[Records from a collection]
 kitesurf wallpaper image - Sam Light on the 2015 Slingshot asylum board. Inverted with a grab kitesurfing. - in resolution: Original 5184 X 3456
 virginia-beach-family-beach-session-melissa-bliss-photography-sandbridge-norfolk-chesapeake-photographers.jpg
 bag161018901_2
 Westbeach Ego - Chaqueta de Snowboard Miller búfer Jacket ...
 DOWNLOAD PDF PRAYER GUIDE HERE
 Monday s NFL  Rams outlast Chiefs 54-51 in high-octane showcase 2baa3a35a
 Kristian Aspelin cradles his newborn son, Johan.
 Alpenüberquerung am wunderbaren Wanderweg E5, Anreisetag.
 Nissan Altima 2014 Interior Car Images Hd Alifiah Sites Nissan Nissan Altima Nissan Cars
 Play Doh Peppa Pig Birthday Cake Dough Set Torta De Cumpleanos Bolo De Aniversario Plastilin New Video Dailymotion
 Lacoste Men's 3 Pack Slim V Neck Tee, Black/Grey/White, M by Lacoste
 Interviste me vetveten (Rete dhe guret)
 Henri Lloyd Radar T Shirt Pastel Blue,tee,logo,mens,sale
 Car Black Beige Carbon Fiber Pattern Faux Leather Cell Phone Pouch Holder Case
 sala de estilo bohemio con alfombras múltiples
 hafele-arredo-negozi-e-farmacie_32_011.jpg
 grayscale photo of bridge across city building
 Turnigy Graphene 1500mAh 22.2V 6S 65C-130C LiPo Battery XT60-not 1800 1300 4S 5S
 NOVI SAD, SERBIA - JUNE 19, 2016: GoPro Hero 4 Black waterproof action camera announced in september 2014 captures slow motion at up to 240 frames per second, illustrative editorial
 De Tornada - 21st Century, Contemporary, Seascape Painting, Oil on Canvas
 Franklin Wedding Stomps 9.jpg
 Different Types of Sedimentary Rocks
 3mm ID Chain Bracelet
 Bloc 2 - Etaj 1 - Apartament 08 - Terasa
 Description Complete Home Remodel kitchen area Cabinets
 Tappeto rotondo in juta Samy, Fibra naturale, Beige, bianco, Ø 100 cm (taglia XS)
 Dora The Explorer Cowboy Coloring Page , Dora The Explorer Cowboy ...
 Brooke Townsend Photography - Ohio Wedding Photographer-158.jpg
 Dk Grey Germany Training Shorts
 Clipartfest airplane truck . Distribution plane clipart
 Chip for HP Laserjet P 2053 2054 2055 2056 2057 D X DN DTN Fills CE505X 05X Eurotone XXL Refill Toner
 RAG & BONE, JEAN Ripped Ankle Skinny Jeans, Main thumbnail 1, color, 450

Exercise:
Could you count how many lines in the records contain the word "Black"? Only the number is needed.

Output for this exercise:
3